Captain William Leslie Lyster
William Leslie Lyster was born in Empress Alberta on 20 February 1920 to Joseph Lyster. “Bill”, as he preferred to be known, joined the South Alberta Regiment in 1938 at age eighteen and in September 1939 went to Medicine Hat to join the Calgary Highlanders.
He became a qualified signaller in the Signals Platoon, and transferred to the 3″ Mortar Platoon in October 1940, being also appointed Lance Corporal. Promotion to Corporal followed in May 1941, and in January 1942 he was made Platoon Sergeant of Number Three Platoon (Mortars).
During the Dieppe Raid, he and Sergeant Bert Pittaway sailed on LCT 6. Lucky enough not to be ordered to disembark on the beach, they manned an anti-aircraft gun and were credited with shooting down a German warplane. They became the first Calgary Highlanders to be rewarded for bravery in the Second World War, being Mentioned in Despatches.
Lyster was promoted to Company Sergeant Major of “C” Company in December 1942. He want on to instruct at an NCO school, and was recommend by Lieutenant Colonel MacLaughlan to attend #161 Officer Cadet Training Unit at the Royal Military Academy, Sandhurst, in April 1944.
Lyster not only attended the course, but passed out at the top of his class, becoming the first Canadian ever to win the Belt and Sword of Honour, the traditional reward for the first place student. Under wartime circumstances, a Sword could not actually be bestowed, so Lyster accepted a Sam Browne belt and a medallion. The promised sword never materialized after the war; Eswyn Lyster commissioned Wilkinson to produce one; it is currently on display at the Museum of the Regiments in Calgary. Commissioned as a lieutenant, Lyster returned to the Highlanders on 17 October 1944, as the fighting near South Beveland was reaching its height.
He found himself Left Out of Battle, as new man in the company, during the fighting west of Hoogerheide. At the end of October, he found himself tasked with helping the padre retrieve the dead.

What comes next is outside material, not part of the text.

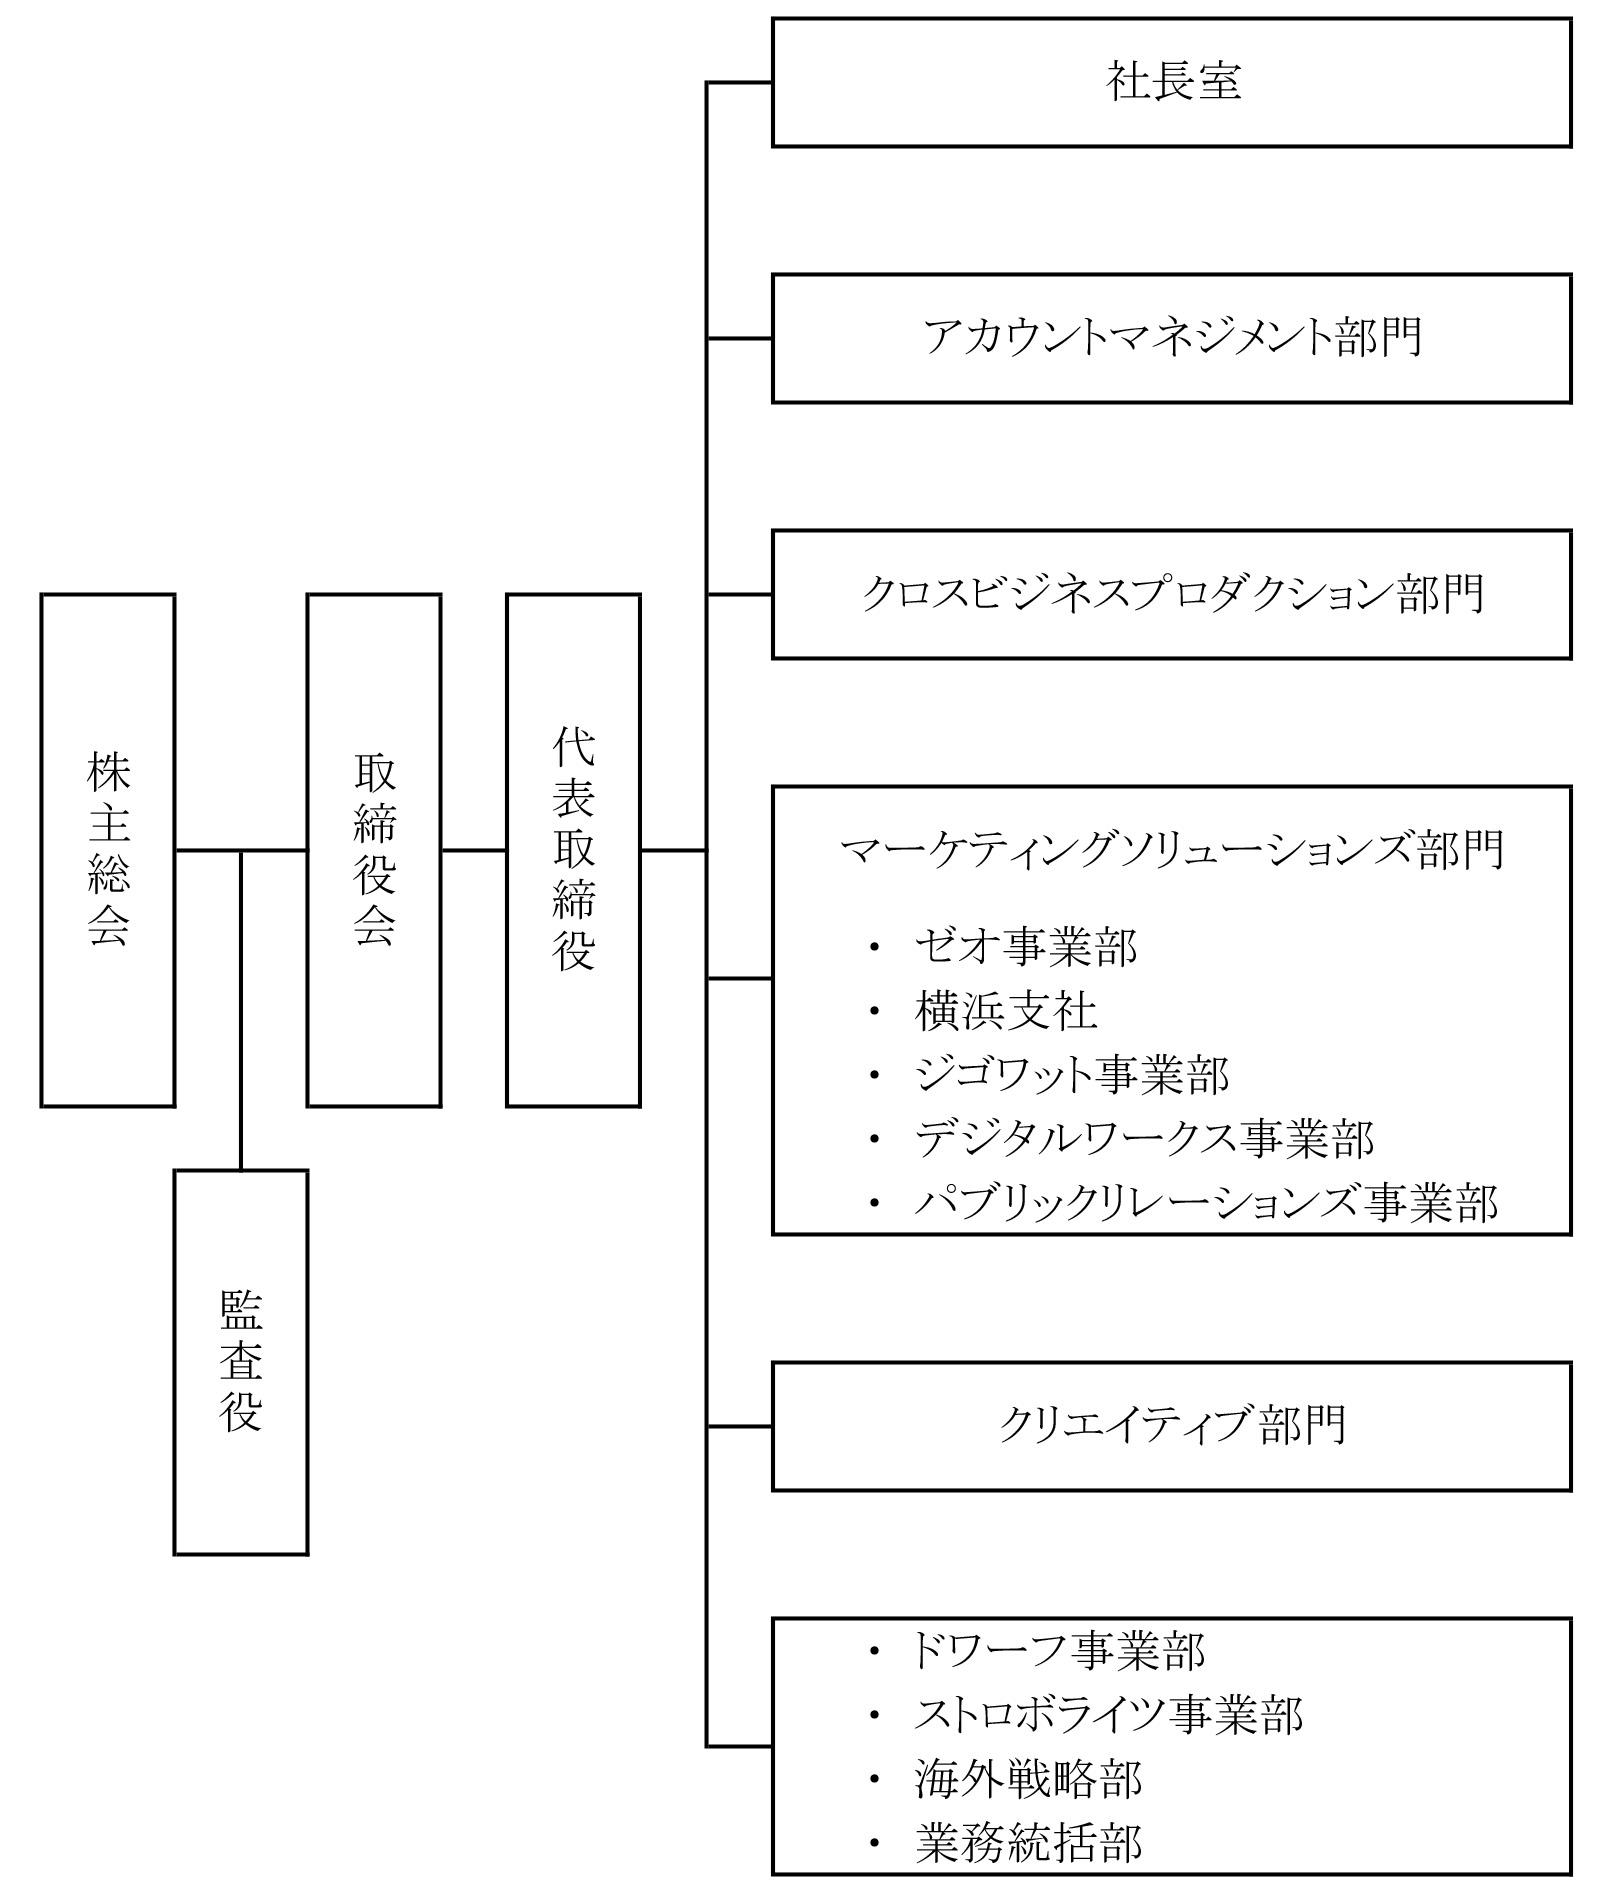 20211214_soshiki_xpd.jpg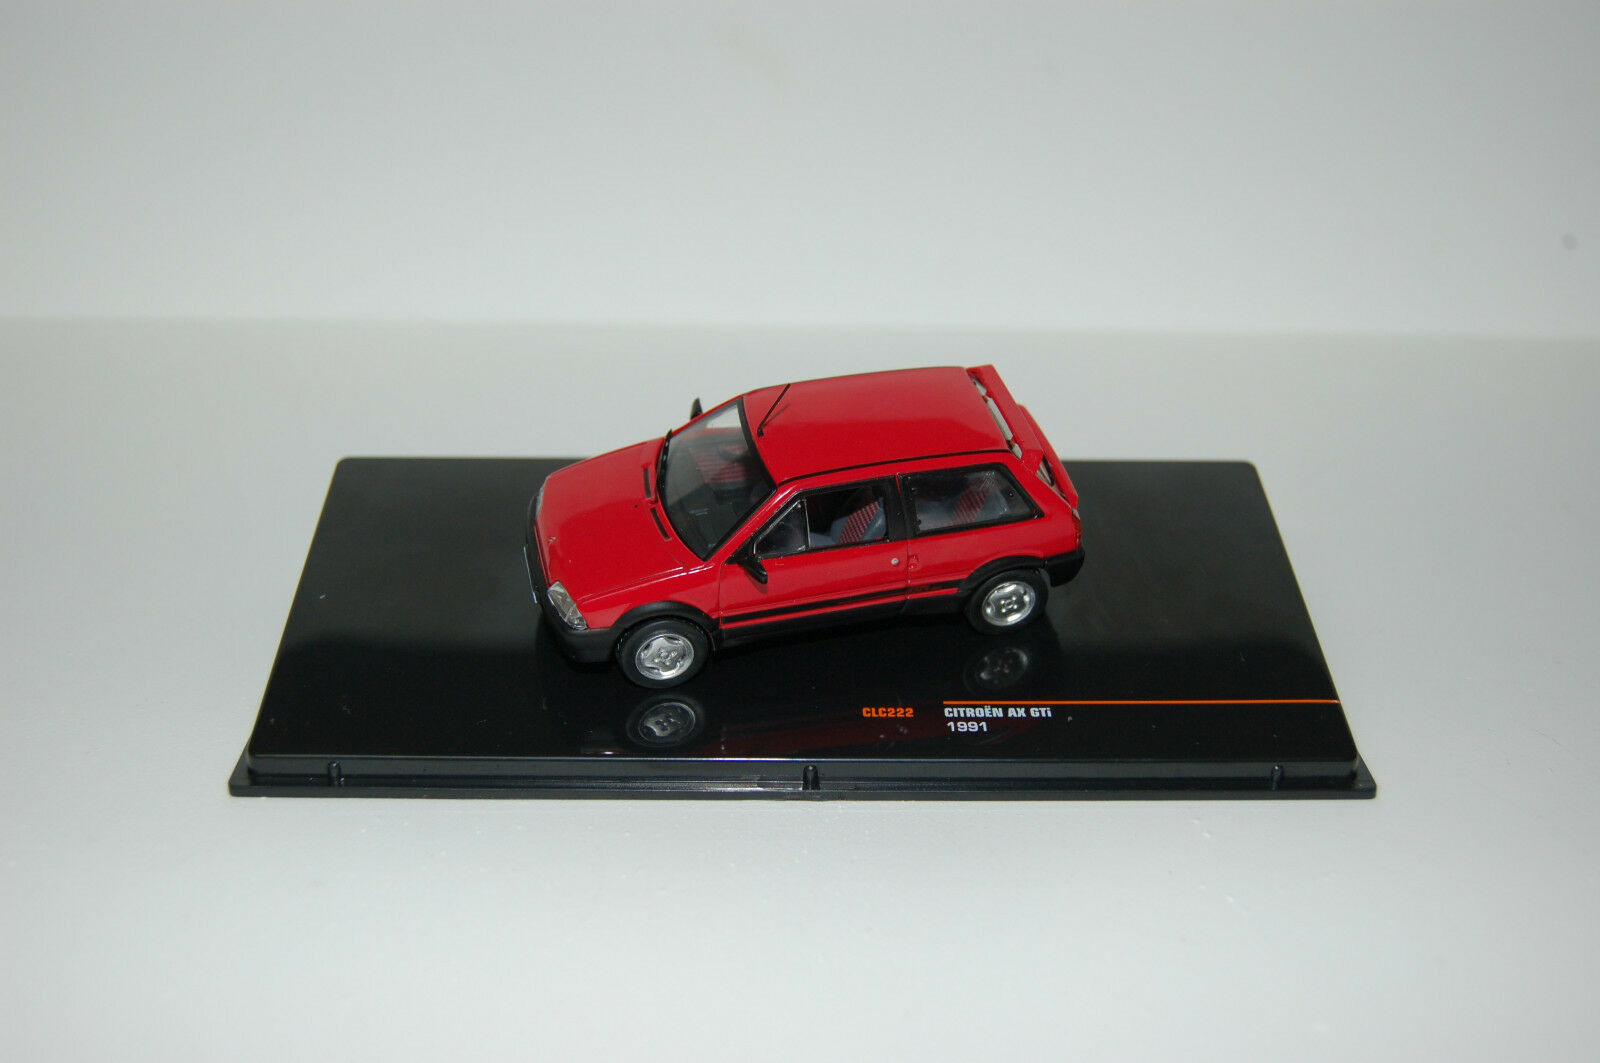 Citroën AX GTI Red IXO - IX IX IX 181769 - Echelle 1 43 NEWS AOUT 2018 e7c11c

“That was an experience for me. It was a little hard picking up fellows that you knew personally. (One man) was on his knees and he had his hands in his stomach. He had stuffed his field dressing into his stomach. And he looked as if he had been praying. He was stiff as a board; rigor mortis had set in.”
After the Scheldt battle, the Highlanders went into static positions in the Nijmegen Salient. Even here, though, no one was safe from harm. One of Lyster’s tasks on Christmas day was writing to the parents of Austin N. Yeoman, a private belonging to his company. Lyster was now acting company commander, and Yeoman had been killed the day before. “I remember sitting down and writing a letter to Mr. Yeoman…I told him what a brave son he had and all this sort of stuff and I didn’t even know the lad. That was our job.”
When the Highlanders left the salient in February to participate in the drive to the Rhine, Lyster was in command of “C” Company. While planning an artillery shoot on February 27th, along with the CO and a Forward Observation Officer from the 5th Field Regiment, a shell landed next to the farmhouse they were standing in. Nixon and Lyster were both hit and evacuted. Lyster had received some shrapnel in his nose; the FOO had been hit in the temple and died shortly after reaching the Regimental Aid Post.
Lyster returned to “C” Company very shortly afterwards, and was wounded once again on the 22nd of April, one day from being confirmed in the rank of Major. He had been conducting a recce near Oldenburg when he was shot in the chest and arm.
When the Regiment returned to Calgary in November 1945, Lyster was still in hospital, and in fact remained hospitalized in both Calgary and Edmonton until November 1946.
After the war, he was given a courtesy title of Major by the Regiment; he worked as a sales manager for Canadian Bakeries Ltd. and later became the Chief Park Warden in Banff. In 1968 he moved to Vancouver Island with his wife.
Lyster passed away in December 1996.